Tracking the Spread of Infectious Disease
Seeing is believing and when you see the 3D visualization of Google Earth and influenza data that Janies and his colleagues have connected on the Supramap giving influenza height, width, depth, movement and meaning, you realize you are looking at an interactive “weather map of disease.”
“Supra, Latin for over, is a good descriptor of what the map delivers,” Janies says.
For the Supramap for avian flu (H5N1), a flu that moves within bird populations and then jumps from birds to humans, for example, Janies and his colleagues accumulated data on outbreaks among hosts such as ducks, chickens, wild birds and humans in China, Russia, the Middle East, Africa and Europe. Hundreds of thousands of cases were classified by strain, location and host.
Janies and his colleagues then use specialized software and Google Earth to project the latitude and longitude of similar flu strains onto the globe. If the movement of a pathogen is related to bird flyways, for example, and those routes are shifting because of something like climate change, it can predict where the disease might logically emerge next.
The Supramap allows any user to input raw genetic sequences of a pathogen’s strains and build an evolutionary tree based on mutations. The branches are projected onto the globe with pop-up windows to show how strains mutate over space and time and infect new hosts. That is, in essence, what Janies calls the “crystal ball.”
Disease is visualized as a “tree” whose “roots” are the common ancestor of a particular flu strain. When an ancestor gives rise to descendant strains, the tree grows higher. Intermediate ancestors and other descendents are given less altitude. Outbreaks are connected with lines reaching across the globe. Finally, date of outbreak is factored in, giving the tree a temporal dimension.
For H5N1, the “tree” grew and shrunk from 1999 to 2006, as it moved over the landscape infecting new hosts.
“The idea of this evolutionary tree of the virus,” says Janies, “is to help predict where the next outbreak of the virus is likely to occur. The map gives us a whole new way of seeing the virus in action and understanding what it is—and isn’t—doing. In the meantime, we are working on mapping other diseases, such as MERS and H7N9.”

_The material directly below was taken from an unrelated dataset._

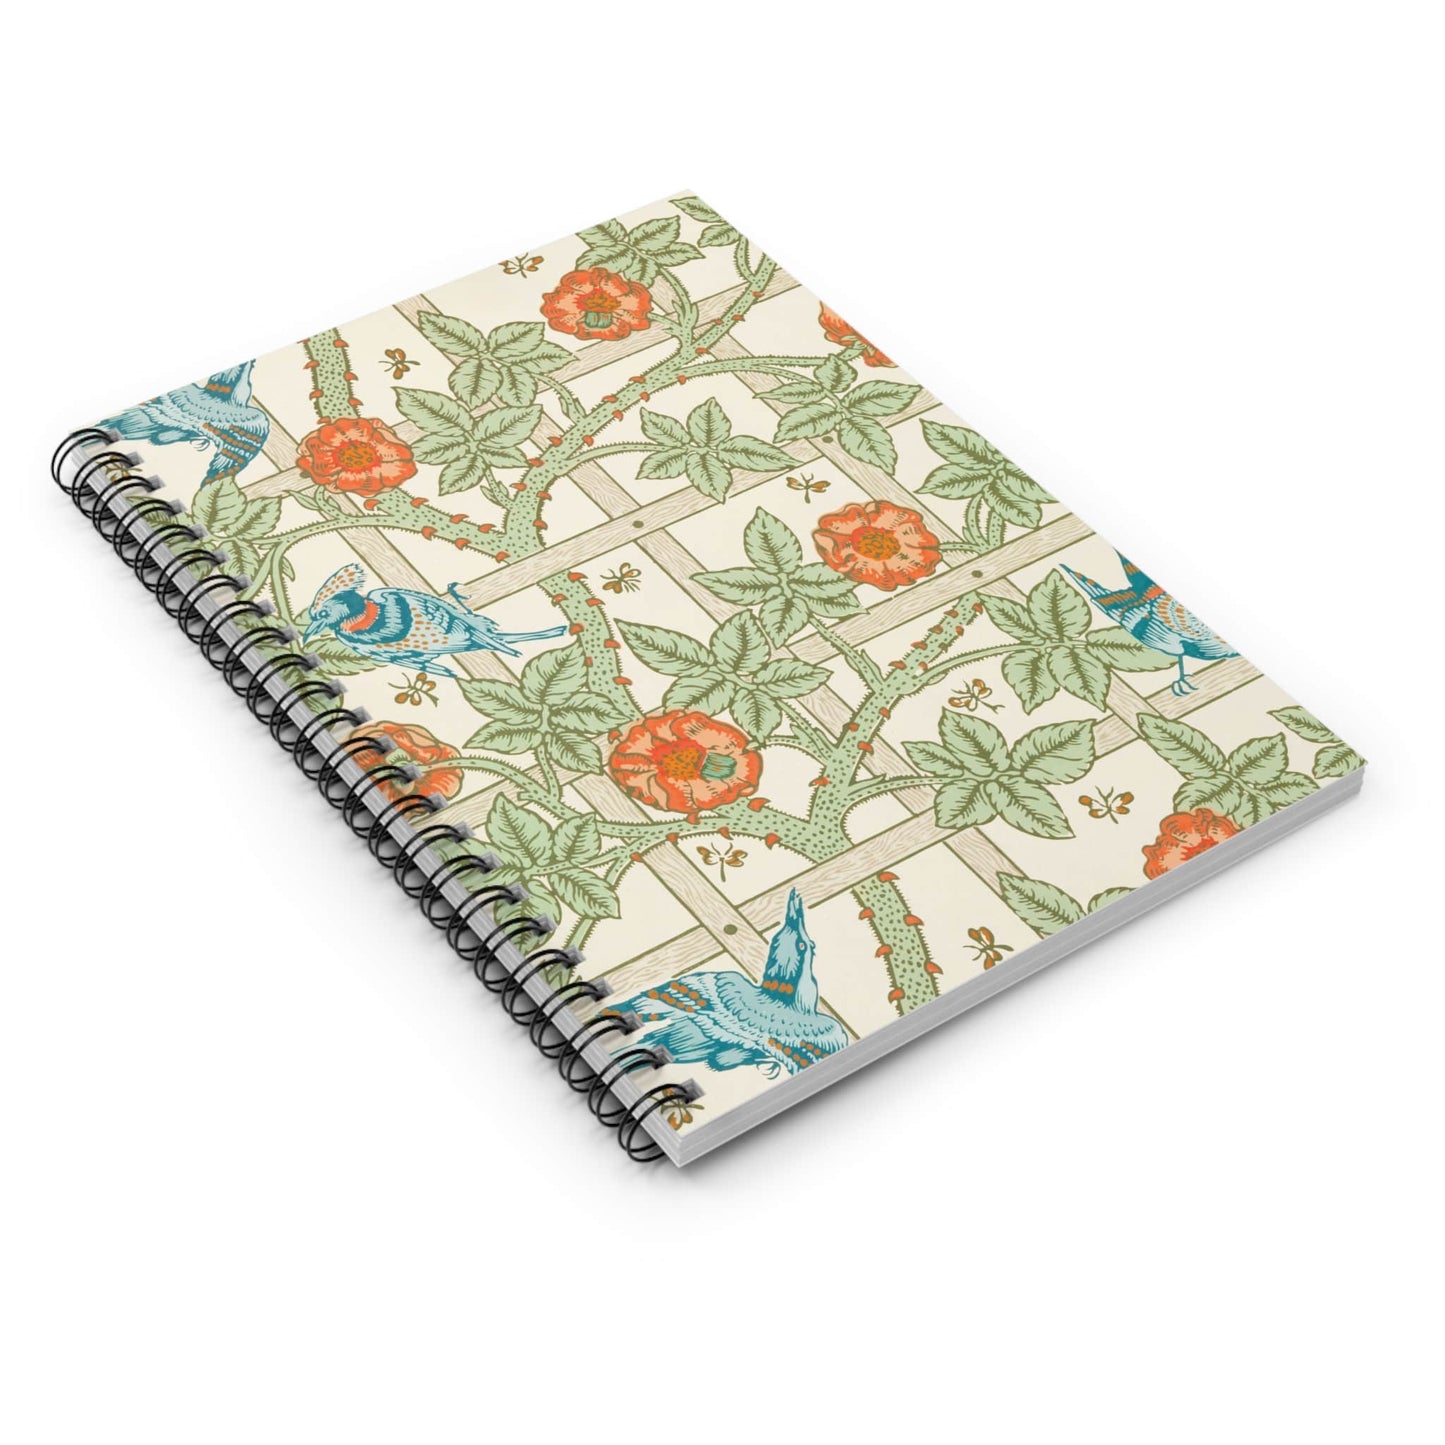 Spring Pattern Spiral Notebook Laying Flat on White Surface

The role birds play in the origin and spread of flu is a fairly recent discovery, going back only to the 1990s, says Janies. “Influenza has many, many strains and most live in birds. Often those strains get into mammals and humans.”
One of the central questions in influenza research was which birds were the chief culprit in the spread of avian flu. The usual suspects were migrating wild birds and chickens and ducks sold and then shipped to distant locations.
With Supramap, Janies has found that domestic fowl were to blame in Indonesia, but in other regions both wild and domestic birds are responsible. In one interesting case, a smuggled eagle carrying the flu virus was caught in customs after being transported thousands of miles from Bangkok to Brussels.
Asia heads the list of places where most flus originate, but Janies is quick to point out that H1N1 began in Mexico, California and Texas.
“We are not doing a good job of observing flu around the world,” he adds. The World Health Organization operates the influenza surveillance system in partnership with national governments and places its limited number of observers in major cities. Flu in rural areas often goes undetected.
“Until a few years ago,” says Janies, “we just knew about influenza in Johannesburg and Cairo. We didn’t know anything about the rest of the continent of Africa. Without comprehensive influenza surveillance data, and the means to put it in context to inform inoculation programs, influenza prevention will struggle.”
When a pandemic breaks out, disease circles the globe, often leaping from species to species. Supramap doesn’t just track the spread of viruses, it tracks how the viruses are mutating as they jump into new hosts and encounter new medicines. Using Supramap, scientists might be able to stay ahead of the virus mutation curve and figure out when to switch medicines as the microbes adapt and develop resistance.